Мы шли пешком. Он часто останавливался. Задыхался.

— Прости меня, Катя, — вдруг произнес он.

— За что, Саша?

— Я тебе жизнь сломал.

— Нет. Даже не думай. Я счастлива, только когда ты рядом. И это я сама тебя соблазнила. Увидела, влюбилась и украла, только для себя.

Он улыбался.

— У нас замечательный сын, Катюша.


Я прижалась к нему, и мы целовались. Люди со стороны смотрели и дурели — тетка не первой молодости на улице целуется со стариком. Я почувствовала, как его душу отпустило, он расслабился, потом собрался с силами, и мы пошли работать.


В приемный покой мы входили вместе, намеревались попить чай с пирожными у него в кабинете. Но меня задержали. Там девочка лет семнадцати все никак родить не могла. Ну, понимаете, без меня не могла. Ждала, когда это Екатерина Семеновна на работу заявится.

Ну вот, я заявилась с зашкаливающим уровнем адреналина, с обломом насчет чая с пирожными. Короче, в боевом настроении. Халат накинула поверх уличной одежды. Перчатки надела и к девице.
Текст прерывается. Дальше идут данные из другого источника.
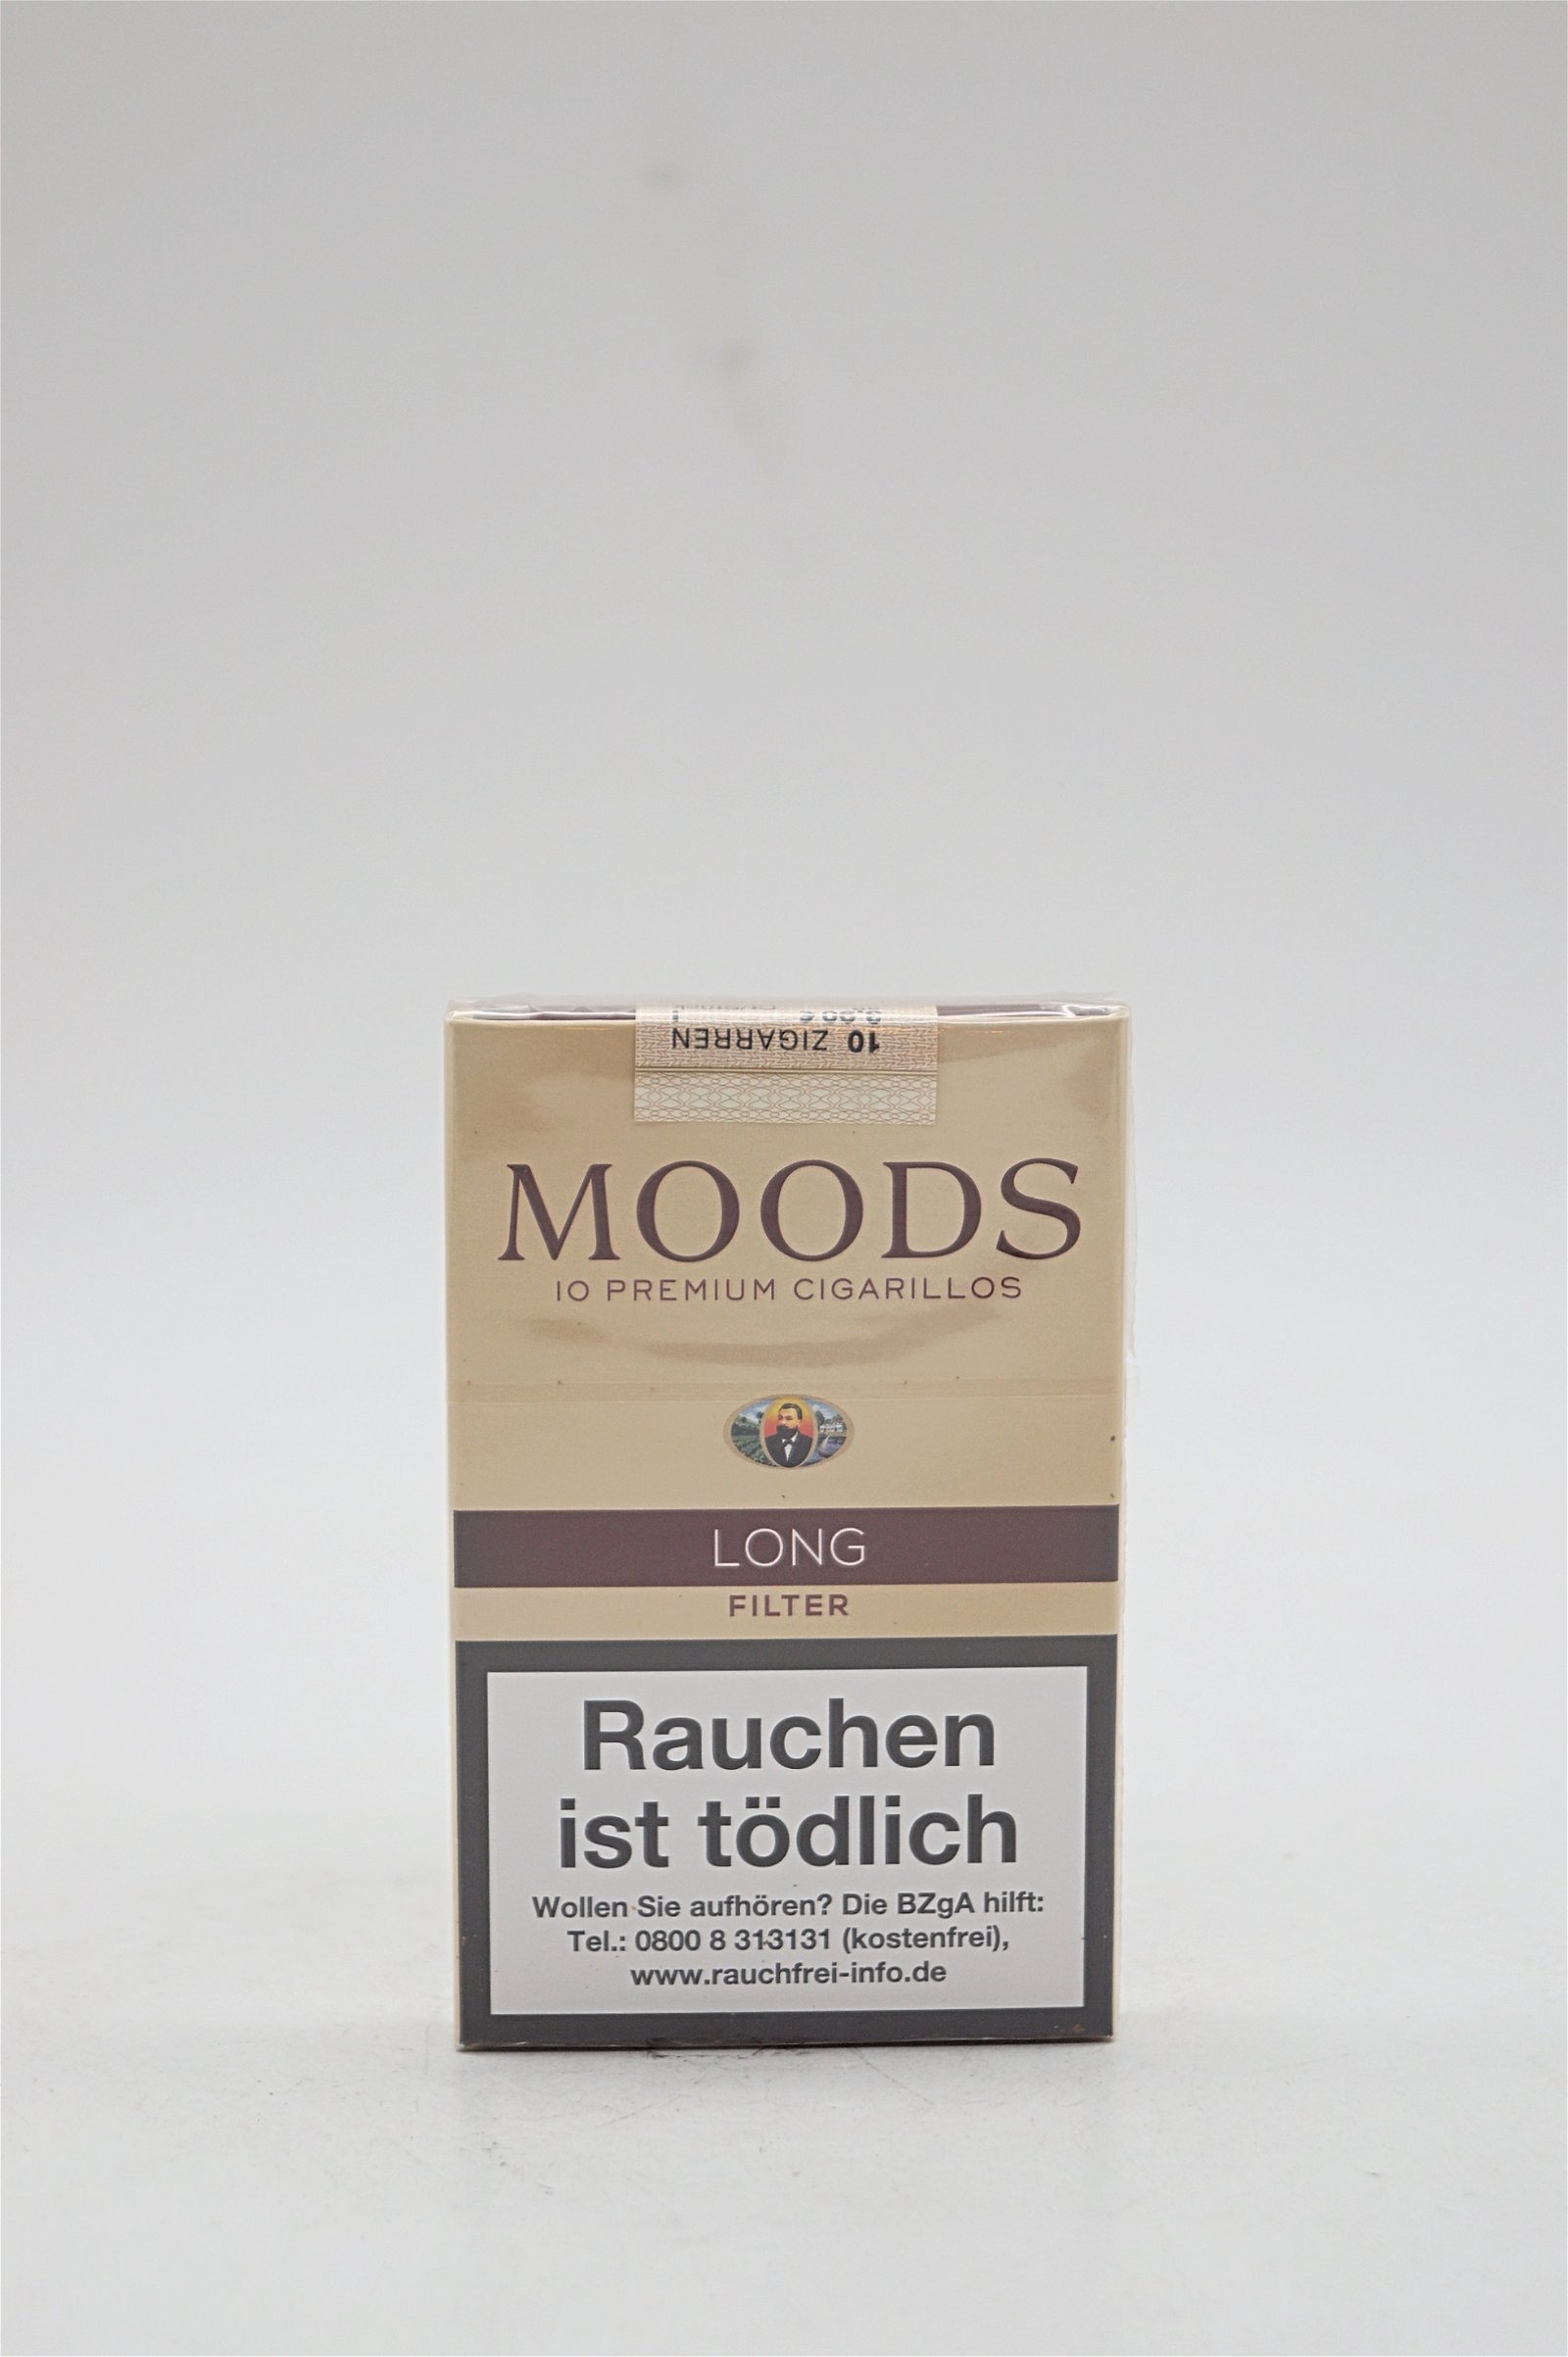 Moods Long Filter 10 Premium Cigarillos

— Раскрытие полное, не рожаешь почему? — возмущенно спросила я.

— Так больно, — ответила девочка с залитыми кровью глазами.

— Так тужиться вниз надо, а не в лицо.

— Не получается у меня.

Она не договорила и заорала. Показалась головка.

— А громче можешь?

— Могу! — заорала девица и так заголосила, что мне показалось, что стекла сейчас посыпятся. Вслед за ее воплем раздался детский плач.
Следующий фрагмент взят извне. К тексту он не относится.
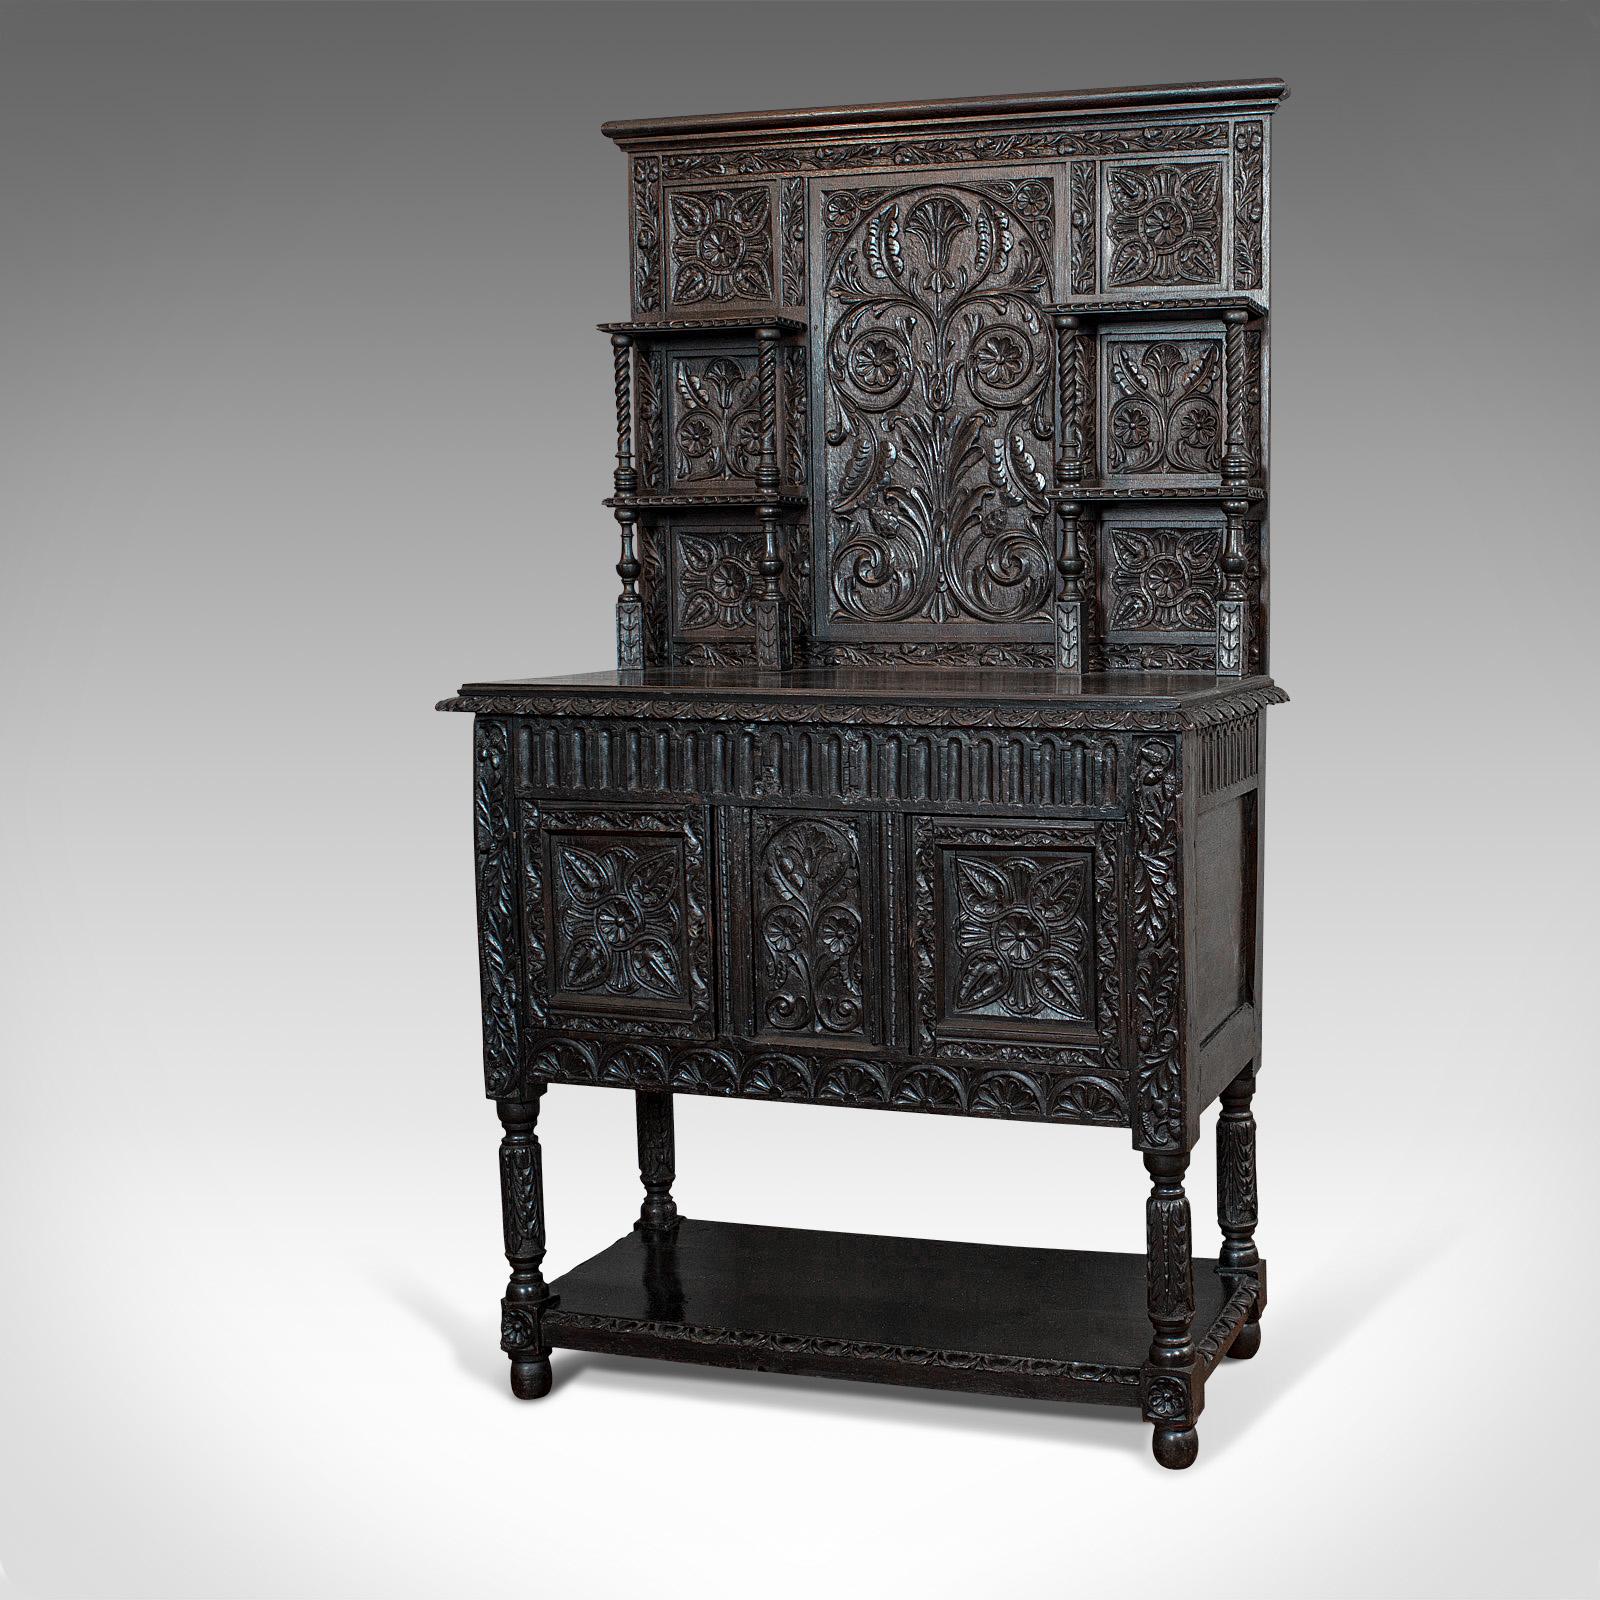 British Antique Charles II Revival Dresser English Oak, Sideboard, Victorian, circa 1880 For Sale

— У-у-у! Богатырь какой! Парень у тебя, слышишь — орет.

Я перерезала пуповину и положила младенца на грудь матери.

— Где ж вы раньше были? — услышала я голос девицы, уже выходя из родзала.

«Где, где? Дома с семьей», — подумала я, а вслух сказала:

— Вы с последом без меня справитесь? — и ушла к себе в кабинет.

На лестничной клетке курила Люба. Захотелось стрельнуть сигарету.

— Поделишься?

— Сама стрельнула. Вы ж не курите.

— Нервы!

— Вот и у меня нервы!

— Свекровь?

— Мама?

Вот и поговорили. Всем все ясно, только сигарета одна.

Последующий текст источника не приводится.